Here are 10 tips to ensure you submit to the Inland Revenue an accurate and complete tax return on time:
- Do not assume that you do not have to complete a tax return just because the Inland Revenue has not sent you one. It is up to you to notify the taxman of any change in your financial situation, which could result in a tax liability. For example anyone who receives a large windfall, has freelance earnings or who lets property will need to submit a tax return. If you enter the higher rate tax band for the first time and receive dividends or bank interest you will need to notify the Revenue that you require a tax return by no later than 5 October.
- Treat the tax return like an exam paper where you need to achieve marks of 100%! So no pressure there then. Ensure that you do not leave any information out (a good exam rule!). Like an exam read through the completed return to make sure that it makes sense. Compare your answers with last years return. Have you included everything? Does it look similar? Are there things that look odd? If so, the taxman may want to ask you some questions, so explain the oddities in the space provided on the form.
- Remember, however, you do not need to enter details about individual savings accounts (ISAs). They are tax-free investment products.
- Pension contributions often cause confusion. With effect from 6 April 2006 the new regime annual limits and a life-time limit intended to simplify and make more equitable the pension contribution rules.
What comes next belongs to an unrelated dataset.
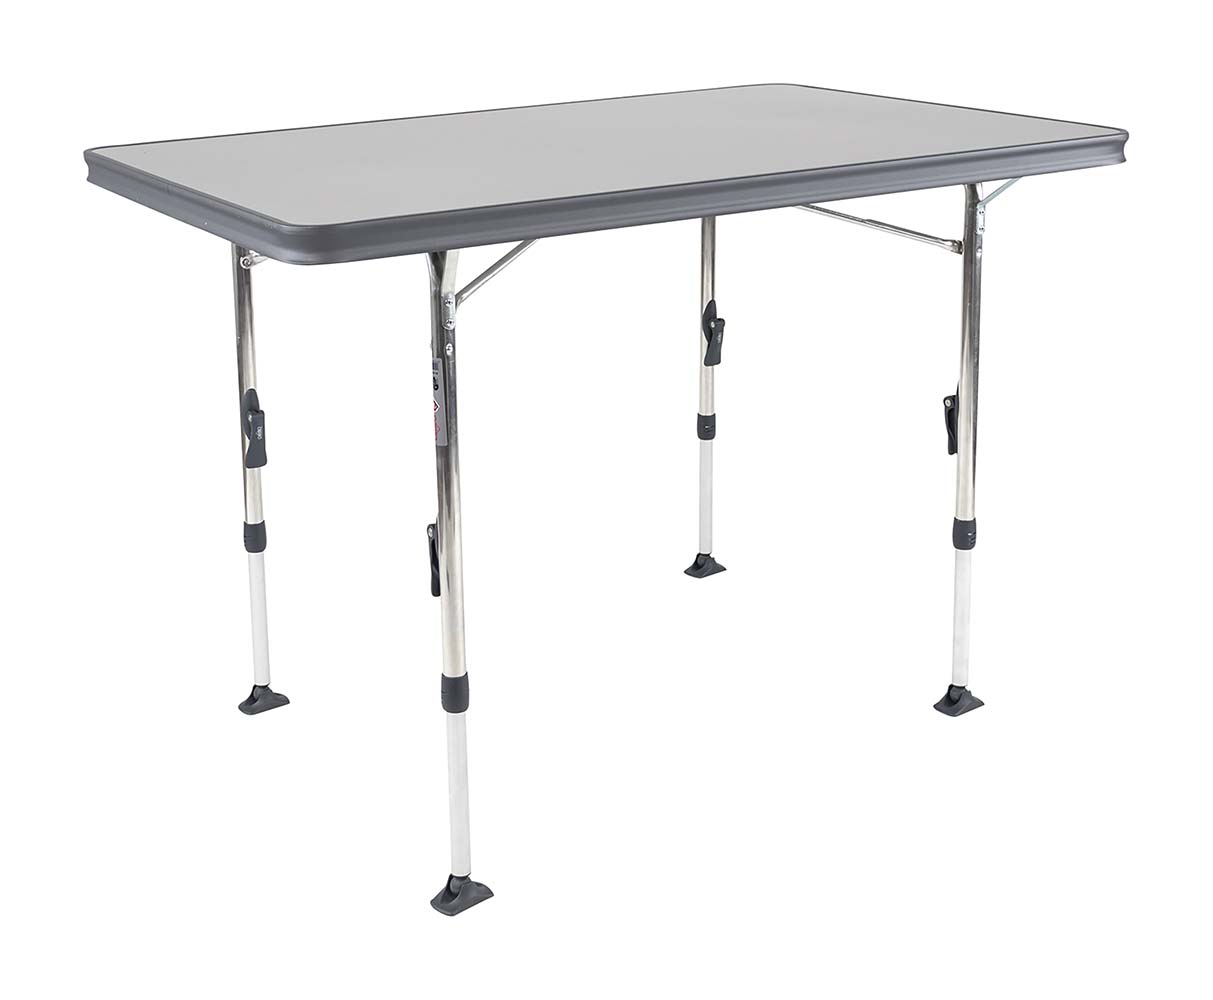 1151375 Camping table with an aluminium frame and- edge. Reinforced construction ensures a stable and lightweight table. Fitted with a heat resistant and waterproof table top. Base height easily adjusted from 48cm to 71cm. Dimensions: top size: length 110cm and width 70cm. Folded up: length 110cm, width 70cm and height 3.8cm. Weight: 6.9kg, maximum load-bearing capacity: 50kg. Colour: anthracite (09).

- The Capital Gains tax section of the return is a particularly complex area. It is vitally important that you keep an accurate record of all your transaction history with dates and costs of acquisition for each asset. And the capital Gains tax pages may still be required even where your gains are less than the exemption threshold if total proceeds from disposals in the year exceed another threshold!
- Many state benefits are subject to tax. For example the basic state pension and jobseekers' allowance are taxable. By contrast, the Child Tax Credit & Working Tax Credit are not. Don't mix them up! Many people leave out the wrong ones.
- If having submitted your return you realise that you have omitted information or have made a mistake then you must, no later than 12 months from the filing deadline of 31 January, submit to the Revenue the revised or "repair" pages of your return.
- Don't forget to sign the form. This is a common mistake, which always results in the form being returned to you by the Revenue. An unsigned return is not a complete return so if you are thinking of leaving your submission until the last moment you could have a late filing penalty to pay.
- Always keep all of your supporting documentation such as dividend vouchers and bank statements for two years after the end of the tax year (6 years for business records) as the Inspector of Taxes has the right to enquire into your honesty!